The Gannon family are thrown into uncharted waters when patriarch Michael dies suddenly at the age of forty-three. Identities and personalities thus far fixed need to realign and shift to fill the gaps.
Told largely through the eyes of Michael’s widow, Barbara, and her son Francis, their individual experiences are varied and character-forming, and vividly real. Francis’s sailing adventure in the Hebrides will stay with me a long time.
Woodstock and freedom; Vietnam and death; AIDS and counterculture; this is an evocative yet concise American novel of self-discovery in which successive generations try to define themselves and their notions of home.
No character escapes the shadow of war and its repercussions.

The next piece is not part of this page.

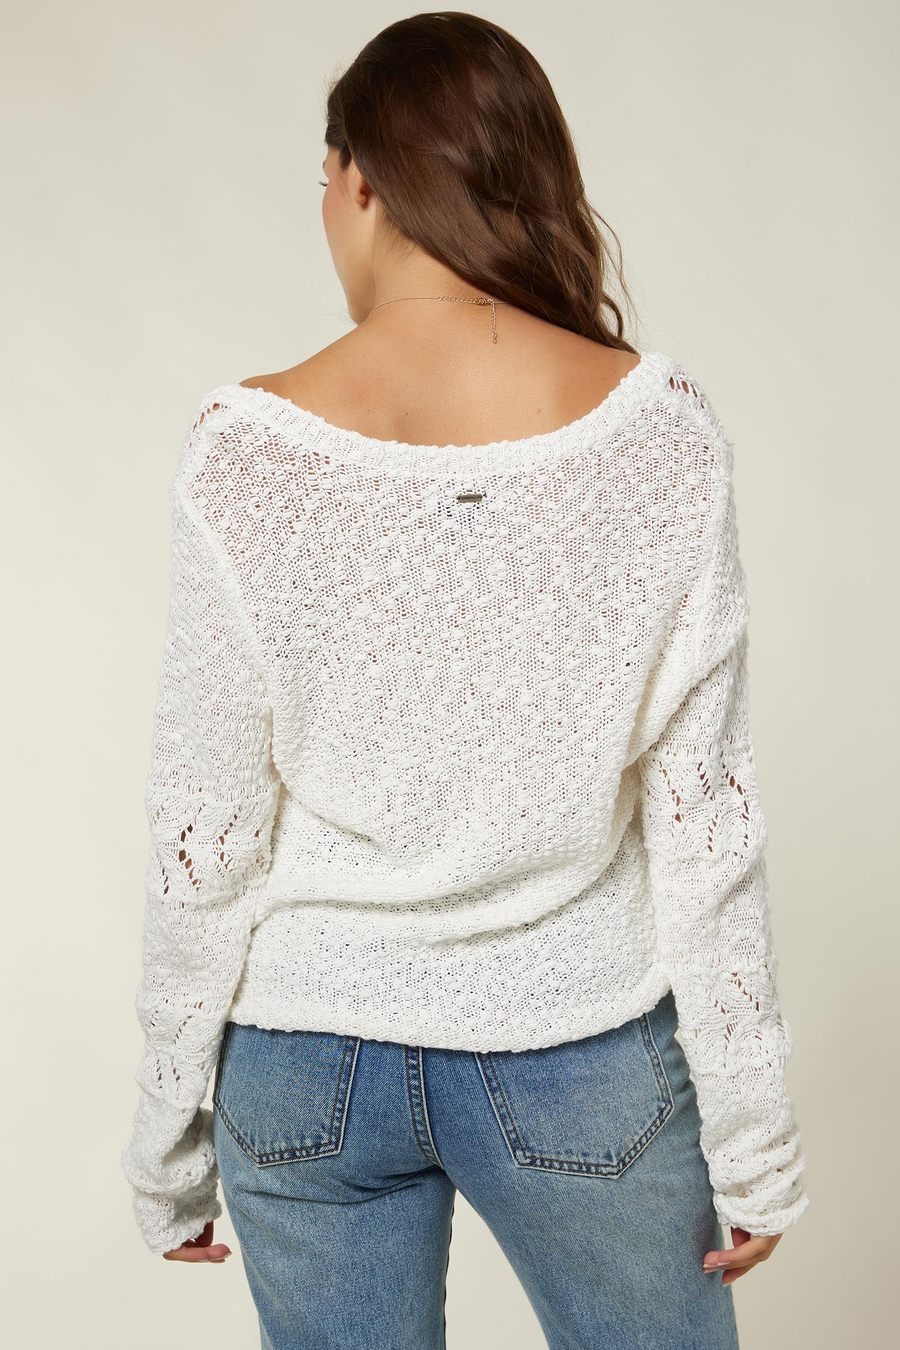 O'Neill Chelle Sweater

Nor does anyone manage to disentangle themselves entirely from the family web.
A wonderfully sensory journey through the last fifty years, this book feels like looking at old family video footage while privy to its secrets. Hugely readable and somehow ominous in the light of current events.
You’ll enjoy this if you liked: The House of the Spirits by Isabel Allende, Spilt Milk by Amanda Hodgkinson or The Corrections by Jonathan Franzen
Avoid if you don’t like: Changing narrators, a broad canvas, time jumps
Ideal accompaniments: Pancakes with maple syrup and bacon, a cold beer and The Joni Mitchell Tribute Album.